- Aim of the task
Copy nothing but the text: reproduce each line of the listing exactly and leave the pictures out.

- Recorded data

+ + + + +

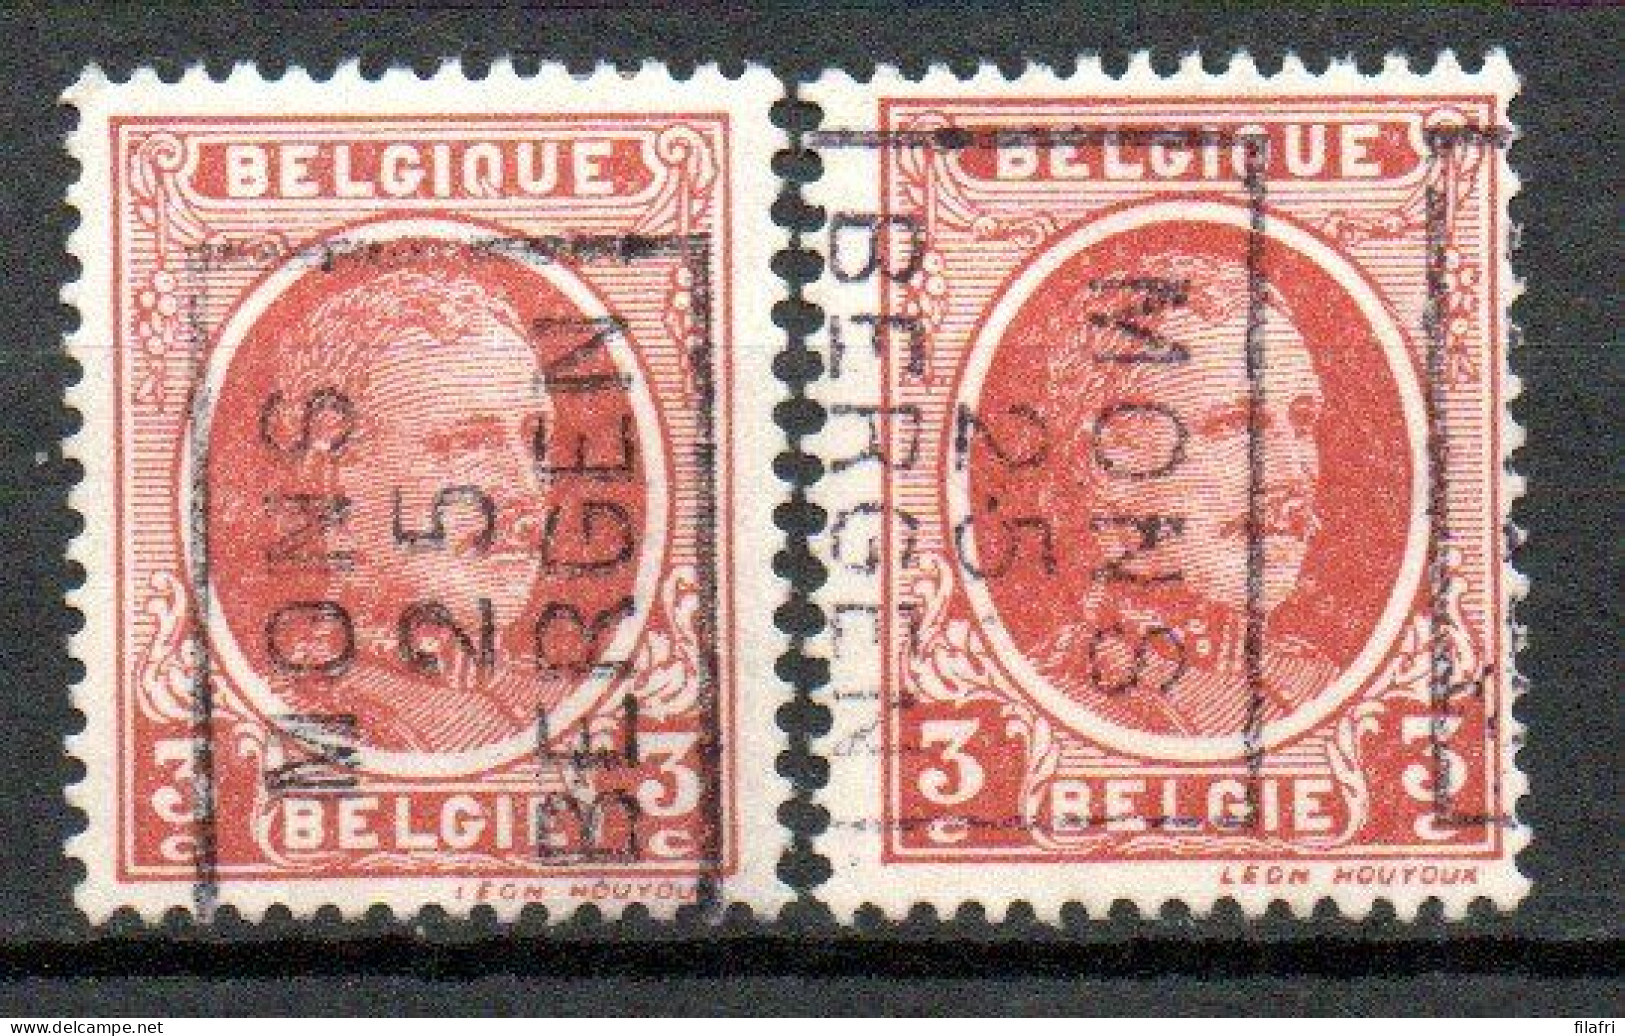 3540 Voorafstempeling Op Nr 192 - MONS 25 BERGEN - Positie A & B - Rollo De Sellos 1920-29
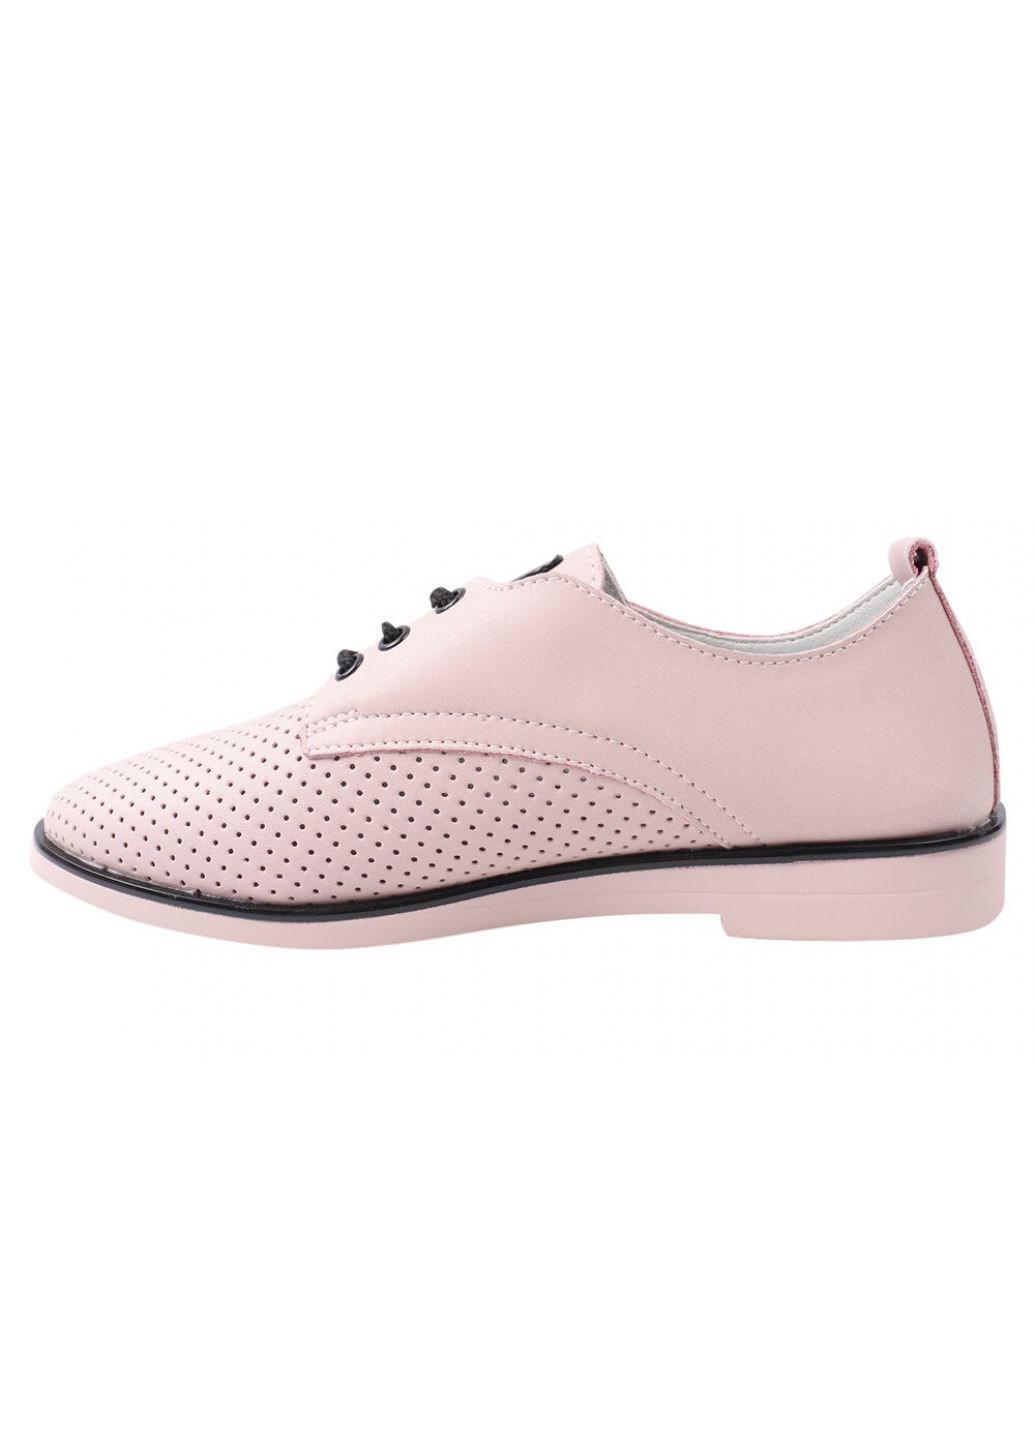 Туфли женские из натуральной кожи, на низком ходу, на шнуровке, цвет розовый, Lifexpert
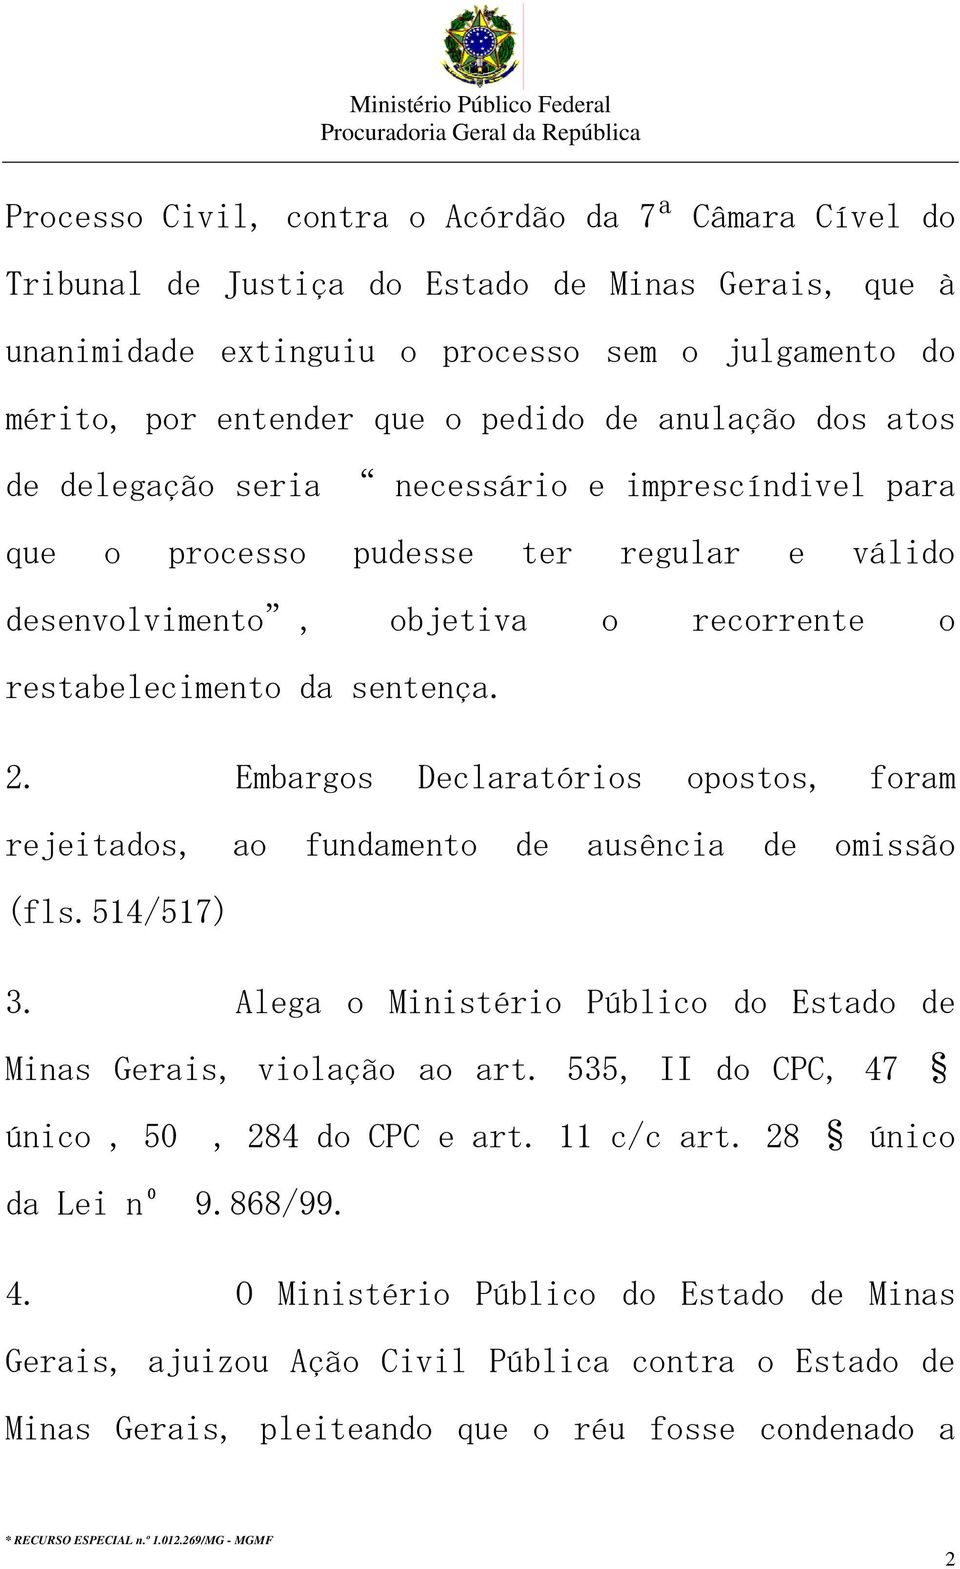 Embargos Declaratórios opostos, foram rejeitados, ao fundamento de ausência de omissão (fls.514/517) 3. Alega o Ministério Público do Estado de Minas Gerais, violação ao art.

+ + + + +

- Completed task
 3540 Voorafstempeling Op Nr 192 - MONS 25 BERGEN - Positie A & B - Rollo De Sellos 1920-29
 Туфли женские из натуральной кожи, на низком ходу, на шнуровке, цвет розовый, Lifexpert
 Embargos Declaratórios opostos, foram rejeitados, ao fundamento de ausência de omissão (fls.514/517) 3. Alega o Ministério Público do Estado de Minas Gerais, violação ao art.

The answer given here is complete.